A python API for modeling statistical, high-order epistasis in genotype-phenotype maps. All models follow a Scikit-learn interface, making it easy to integrate epistasis
models with other pipelines and software. It includes a plotting module built on matplotlib for visualizing high-order interactions and interactive widgets to simplify complex nonlinear fits.
This package includes APIs for both linear and nonlinear epistasis models, described in this paper, relaxing the assumption of linearity.

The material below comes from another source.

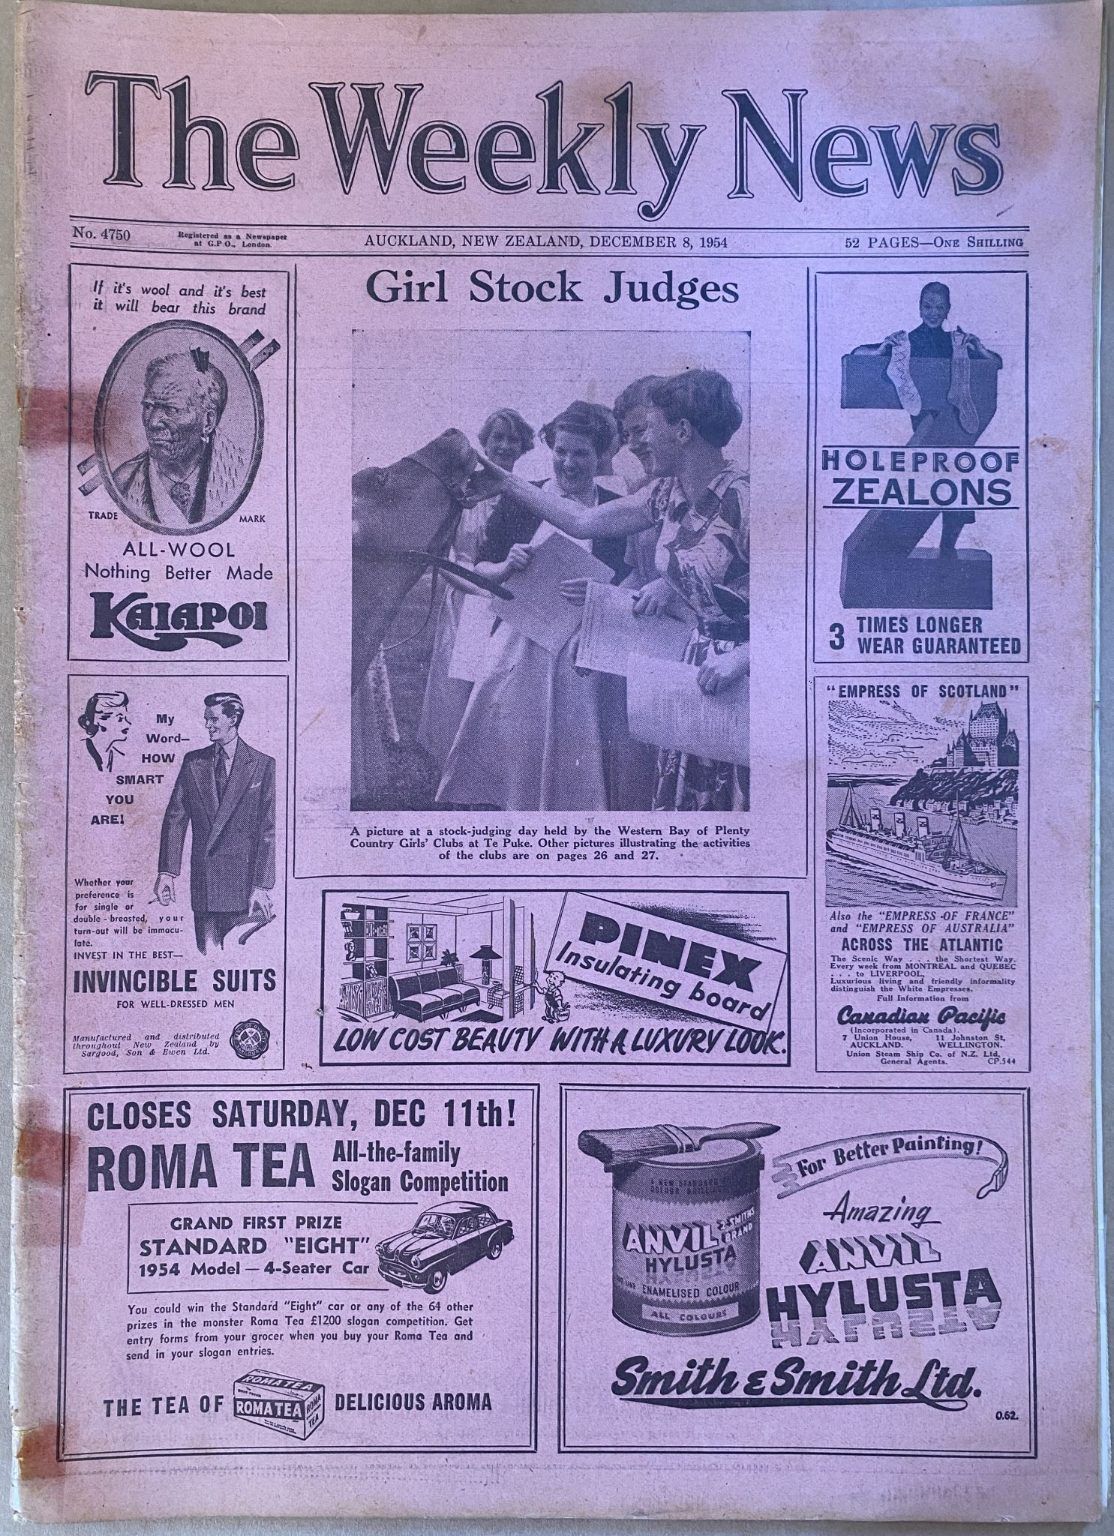 OLD NEWSPAPER: The Weekly News - No. 4750, 8 December 1954

A simple example of fitting a data set with a linear epistasis model.
# Import epistasis model
from epistasis.models import EpistasisLinearRegression
# Read data from file and estimate epistasis
model = EpistasisLinearRegression.from_json("dataset.json", order=3)
model.fit()
# Estimate the uncertainty in epistatic coefficients
model.bootstrap_fit()
If analyzing a nonlinear genotype-phenotype map, use NonlinearEpistasisModel
(nonlinear least squares regression) to estimate nonlinearity in map:
# Import the nonlinear epistasis model
from epistasis.models import NonlinearEpistasisRegression
# Define a nonlinear function to fit the genotype-phenotype map.
def boxcox(x, lmbda, lmbda2):
"""Fit with a box-cox function to estimate nonlinearity."""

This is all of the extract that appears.